Supporters of court-packing could argue that just because the same method is used doesn’t mean that court-packing itself is anti-democratic. To give an analogy: When Italy abandoned proportional representation in 1923 by adopting the Acerbo Law, it did so to try to engineer landslide victories for Benito Mussolini’s fascists; but it doesn’t follow that any country that doesn’t use proportional representation (like the US or the UK or Canada) automatically is an autocracy. Court-packing is a tool: It can be used for authoritarian ends, or for democratic ones.

To which critics would reply: Not so fast. Even a well-intentioned court-packing scheme (like FDR’s arguably was) can set off a cycle of mutual escalation that winds up discrediting and weakening the institution being battled over. The Supreme Court has no army. Its authority rests on the thin reed of public acceptance and political forbearance. If it were to be weaponized in a court-packing scheme, its rulings might suddenly stop being obeyed.

Let’s say that President Joe Biden packs the Court in 2021, and the Court subsequently overrules Milliken v. Bradley and forces white suburbs across the country to bus their kids into inner-city public schools, and to accept (disproportionately Black and Latin) students from poor neighborhoods bused into their own schools. This would be the correct result, in my opinion. Milliken v. Bradley was a disastrous decision that drastically undermined the cause of school desegregation. But if such a ruling followed a court-packing effort, how much do you want to bet that the rich suburbs of Chicago’s North Shore would actually start busing their kids to Englewood? Or that Beverly Hills would let in students from Compton? Or would they view the ruling as illegitimate and simply not obey?

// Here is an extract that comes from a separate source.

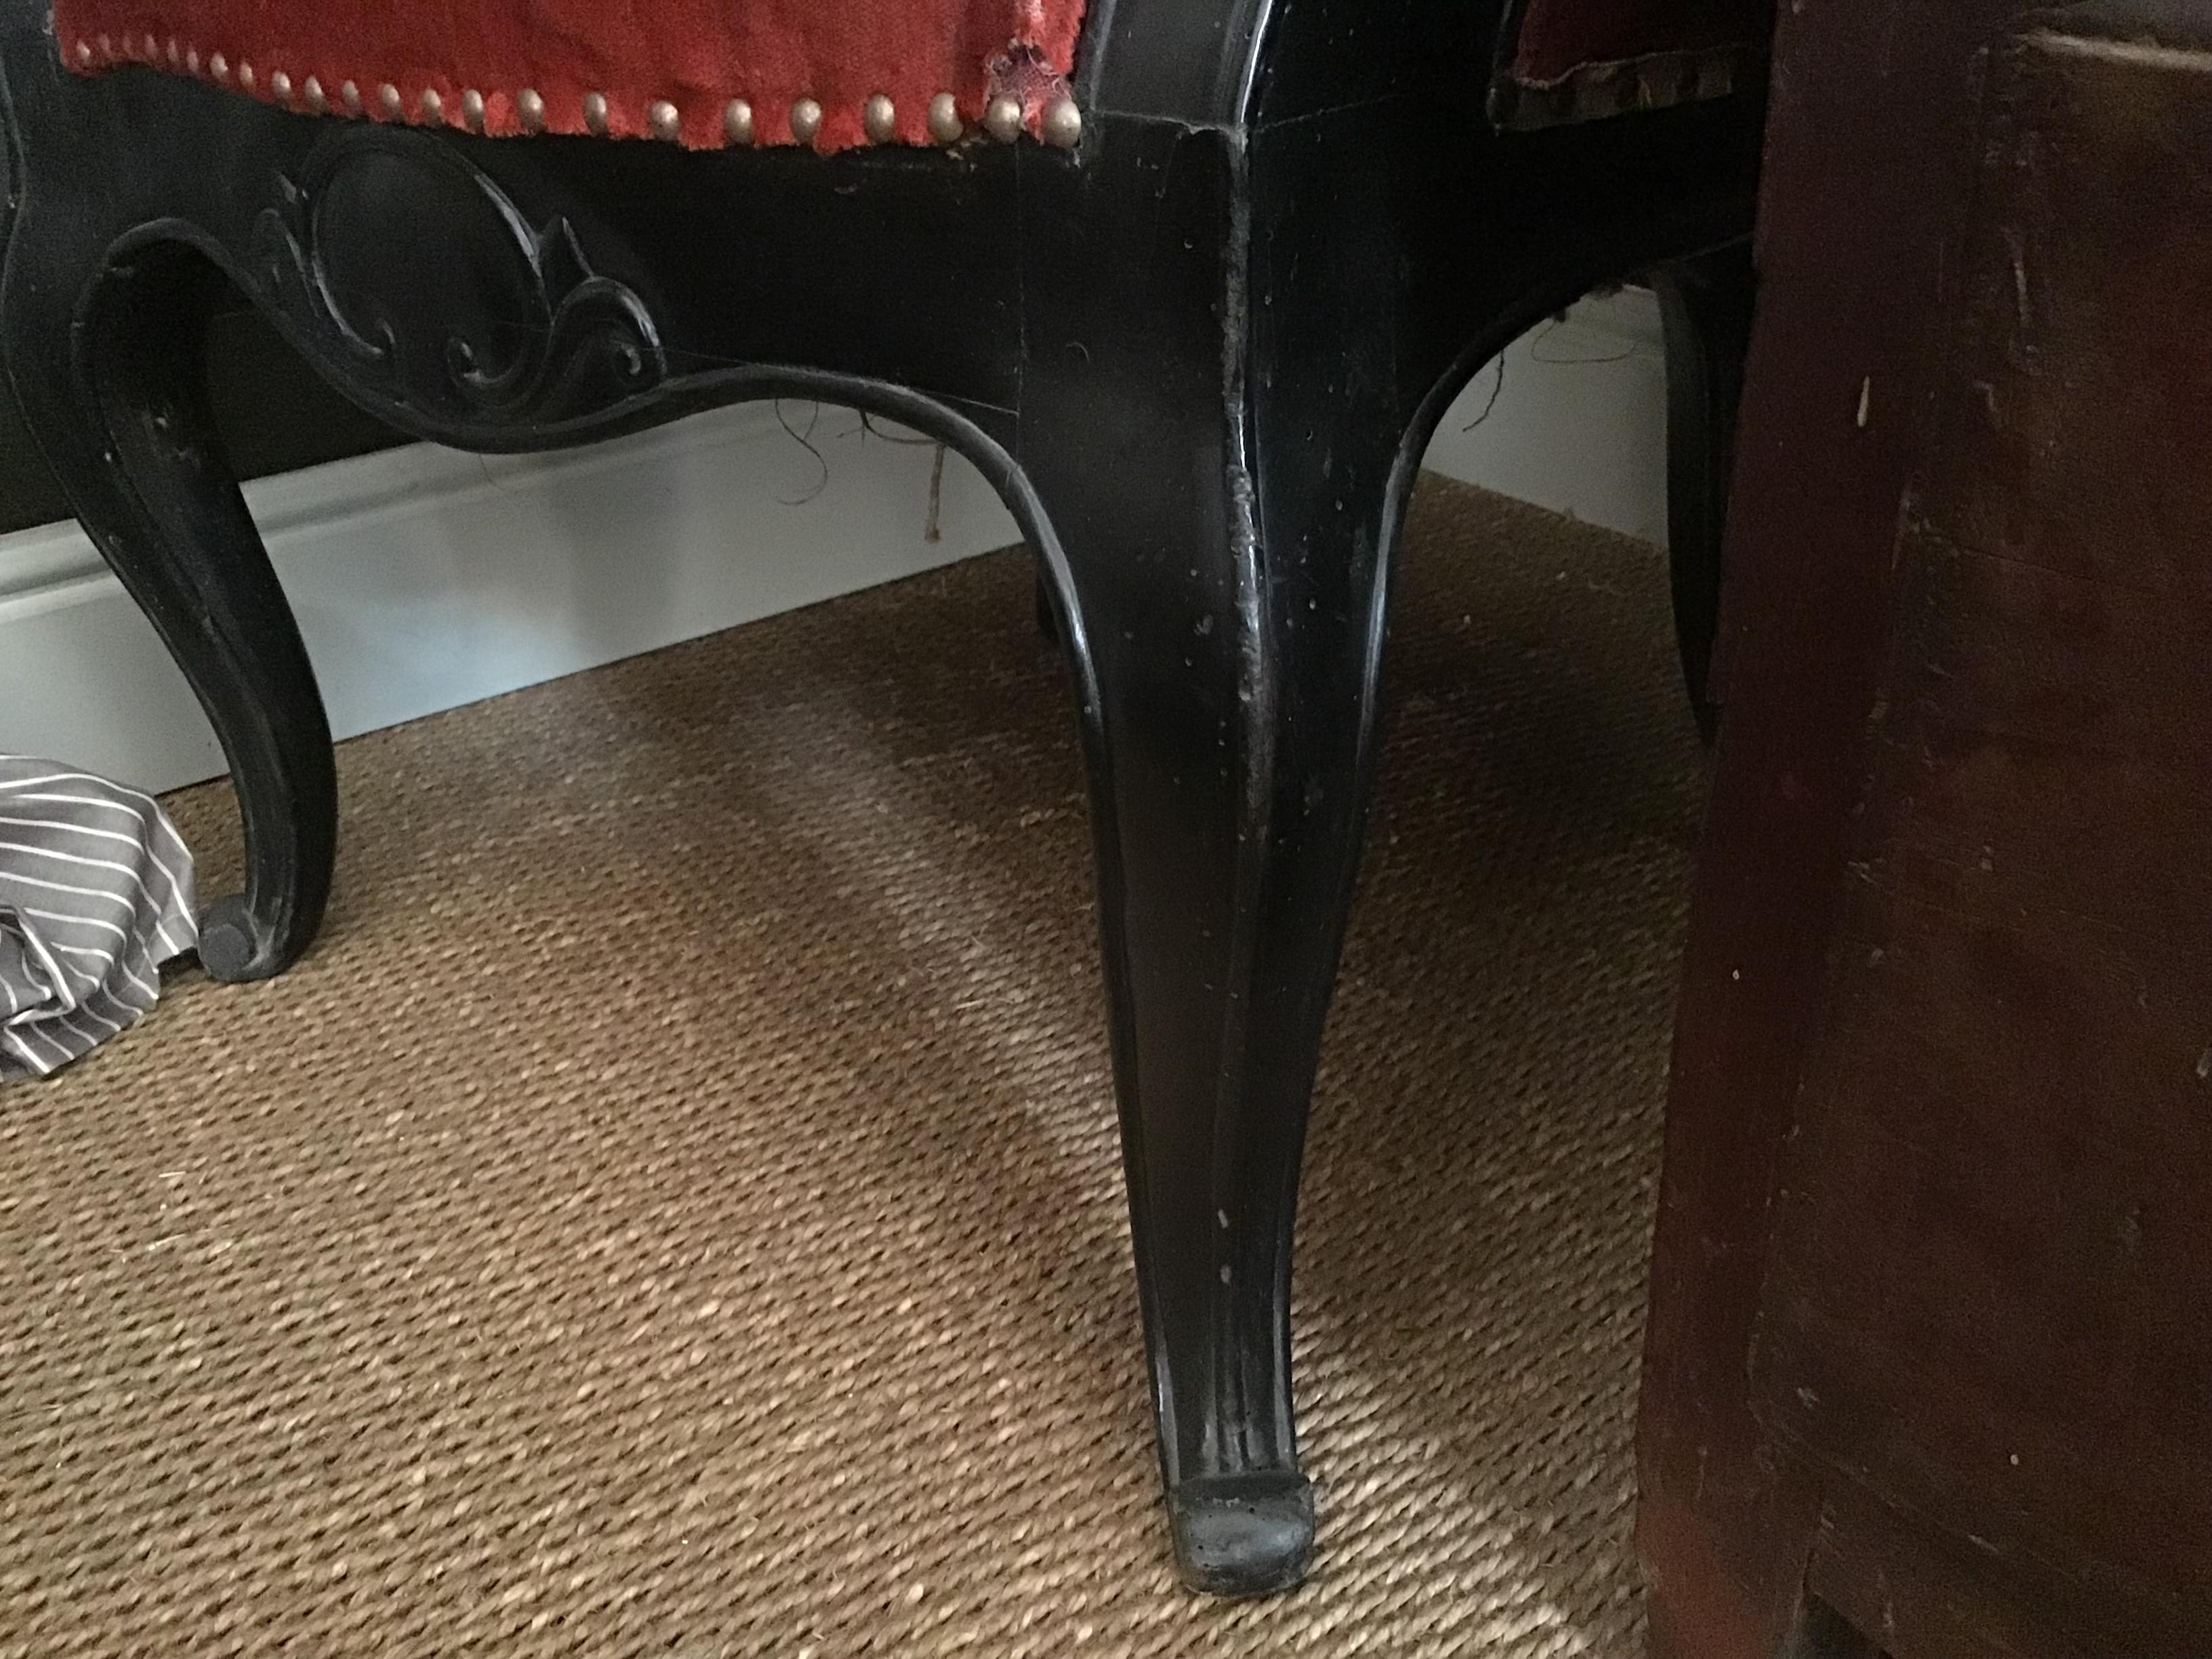 20th Century French Upholstered Armchair in Carved Ebonized Wood from 1920 For Sale 1

You could imagine the same for any number of issues: Alabama refusing to issue same-sex marriage licenses and disregarding any Supreme Court rulings forcing it to obey Obergefell v. Hodges; South Dakota banning all abortions save when the life of the mother is at risk, and ignoring Supreme Court rulings striking down the law. If this all sounds far-fetched, let me quote my colleague Ian Millhiser, who is broadly sympathetic to court-packing as a last-ditch effort to prevent the Supreme Court from entrenching economic inequality permanently: “packing the Court would effectively destroy the legitimacy of the federal judiciary and potentially embolden right states … to ignore decisions they don’t like. No more Roe. No more Obergefell. No more Fourth Amendment.”

Now maybe, ultimately, weakening the Supreme Court is a good thing. Plenty of legal scholars on both sides of the aisle have, for years, argued that the US goes too far in embracing judicial review; few other countries give their highest courts the power we give ours to strike down laws passed by democratically elected legislators. Even in Canada, the parliament and the provinces retain the power to reverse Supreme Court decisions with supermajority votes. Perhaps court-packing would set off a spiral that results in a dramatically weakened Court, and power returned to the states and Congress to settle contentious issues like abortion and desegregation and LGBTQ rights through democratic processes.

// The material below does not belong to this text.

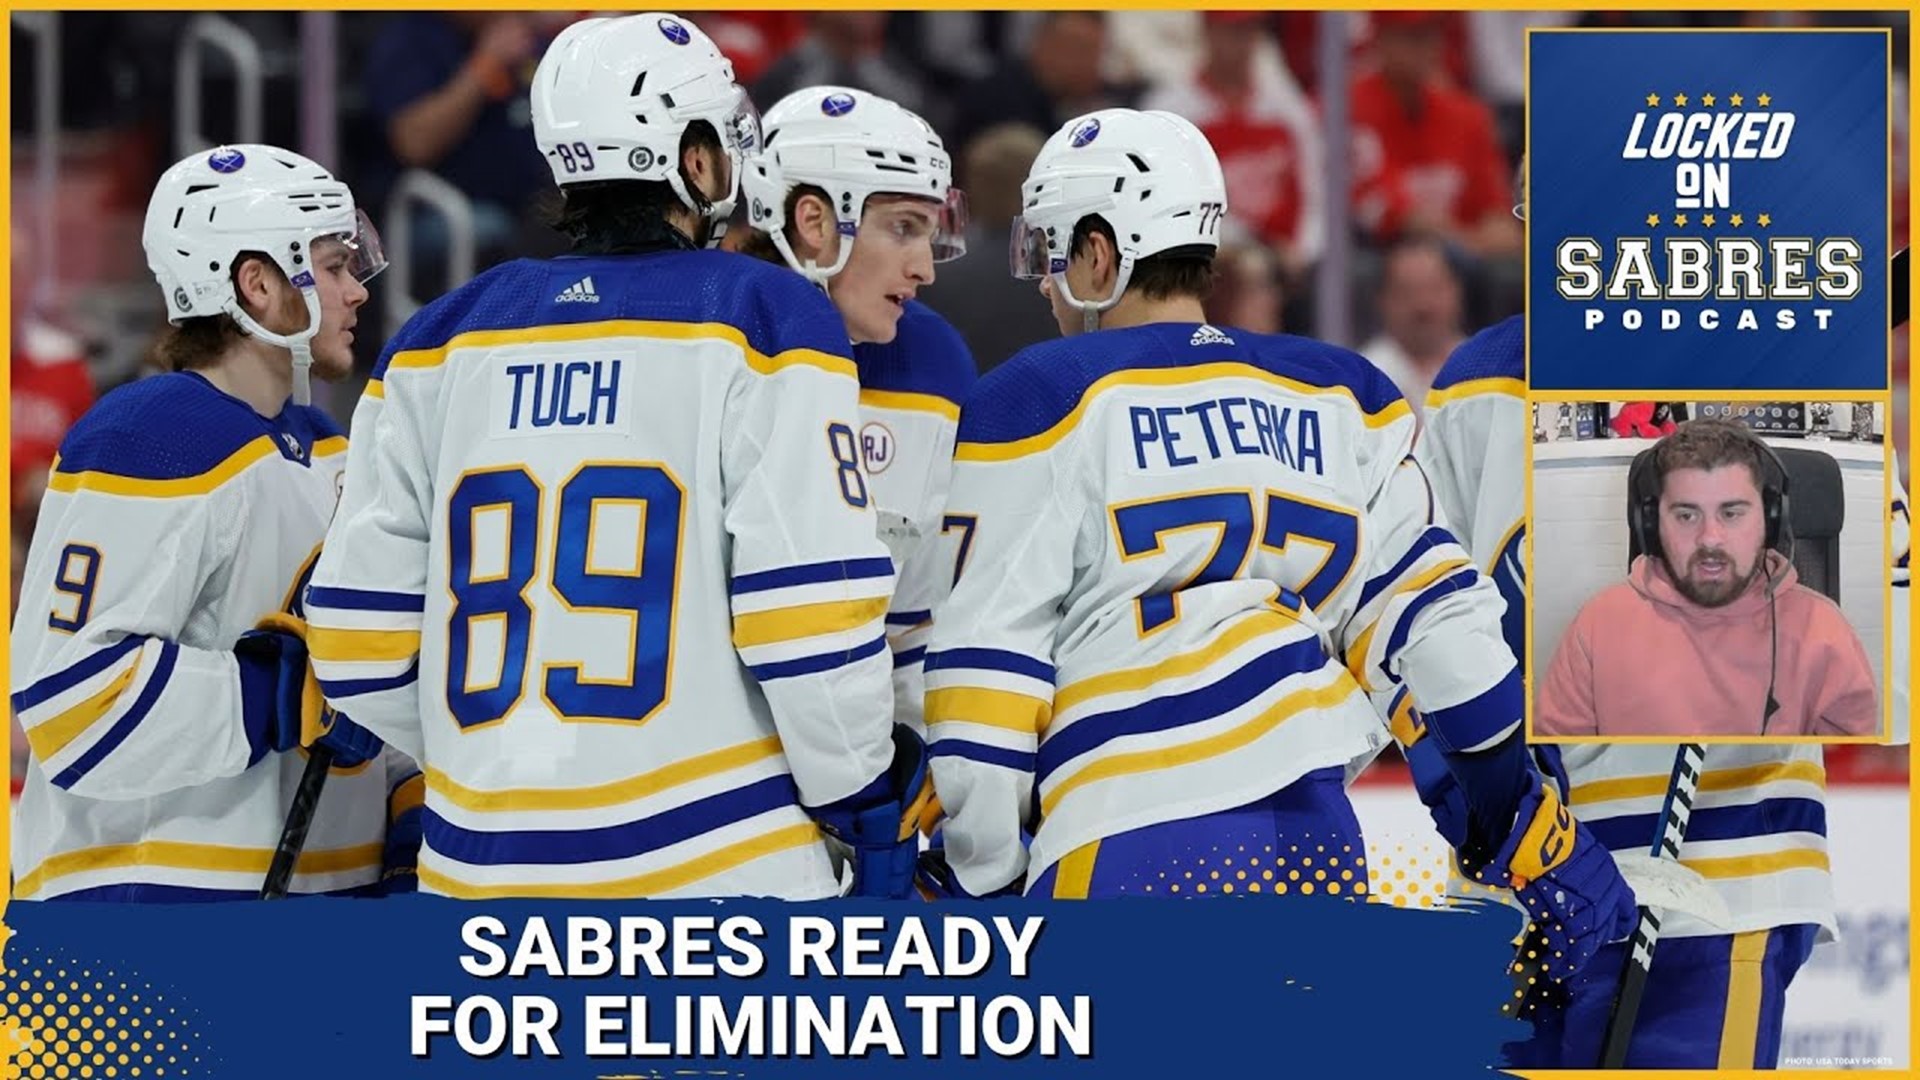 Sabres ready to be put out of their misery

I’m extremely sympathetic to that argument. But it’s also possible that’s not what happens, that court-packing merely leads to more games of constitutional hardball and enables a future president to push through legislation that makes him and his allies basically impossible to dislodge from power, with a packed Supreme Court that is unwilling and unable to stop him. That, roughly, is what has happened in Poland, Hungary, Honduras, Venezuela, and Turkey. It could happen here too.

Editor’s note: This article’s summary of the history of past changes to the Court’s size has been altered to reflect new scholarship. Thank you to Joshua Braver for his help.